Just use jQuerys built-in text() method. It will return all the characters in a selected DOM element.
For the DOM approach (docs for the Node interface): Run over all child nodes of an element. If the child is an element node, run recursively. If it's a text node, search in the text (node.data) and if you want to highlight/change something, shorten the text of the node until the found position, and insert a highligth-span with the matched text and another text node for the rest of the text.
Example code (adjusted, origin is here):
(function iterate_node(node) {
if (node.nodeType === 3) { // Node.TEXT_NODE
var text = node.data,
pos = text.search(/any regular expression/g), //indexOf also applicable
length = 5; // or whatever you found
if (pos > -1) {
node.data = text.substr(0, pos); // split into a part before...

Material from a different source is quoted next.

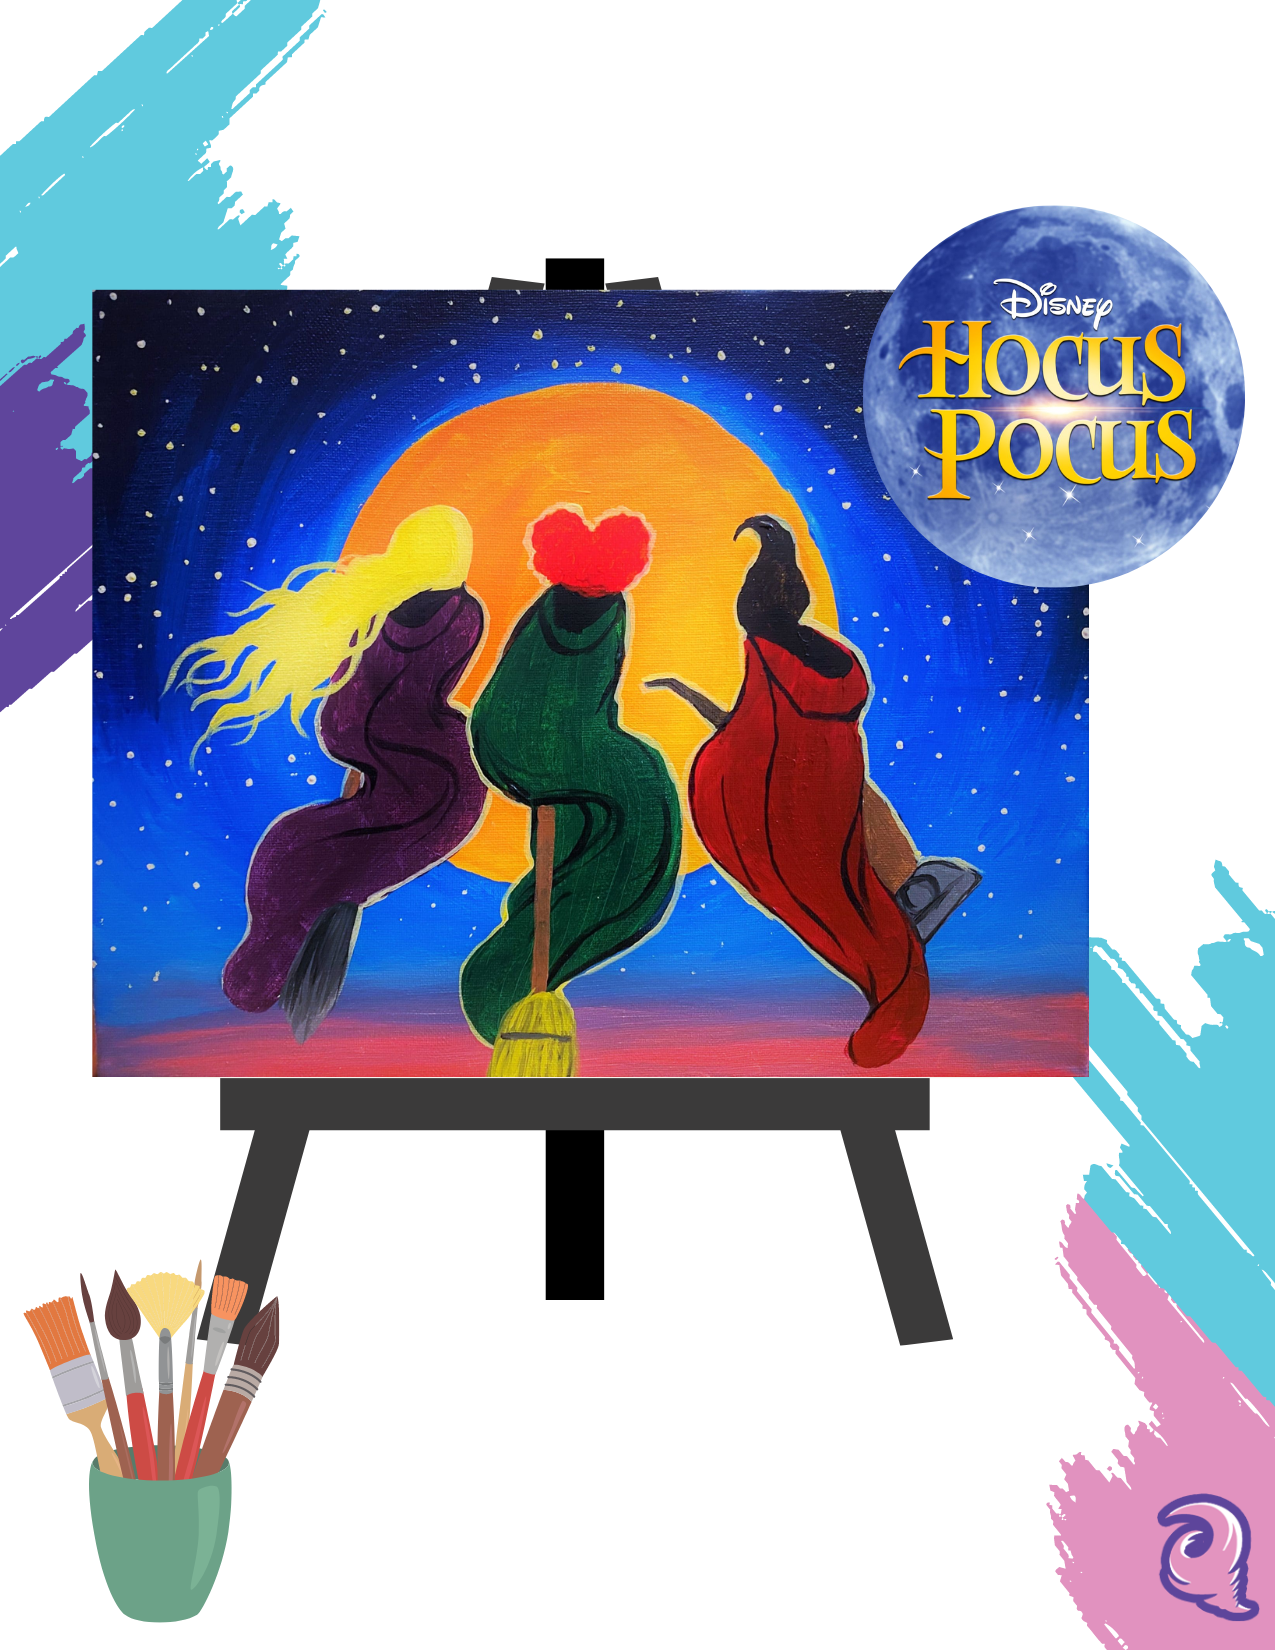 Candy and canvas Hocus Pocus

var rest = document.createTextNode(text.substr(pos+length)); // a part after
var highlight = document.createElement("span"); // and a part between
highlight.className = "highlight";
highlight.appendChild(document.createTextNode(text.substr(pos, length)));
node.parentNode.insertBefore(rest, node.nextSibling); // insert after
node.parentNode.insertBefore(highlight, node.nextSibling);
iterate_node(rest); // maybe there are more matches
}
} else if (node.nodeType === 1) { // Node.ELEMENT_NODE
for (var i = 0; i < node.childNodes.length; i++) {
iterate_node(node.childNodes[i]); // run recursive on DOM
}
}
})(content); // any dom node
There's also highlight.js, which might be exactly what you want.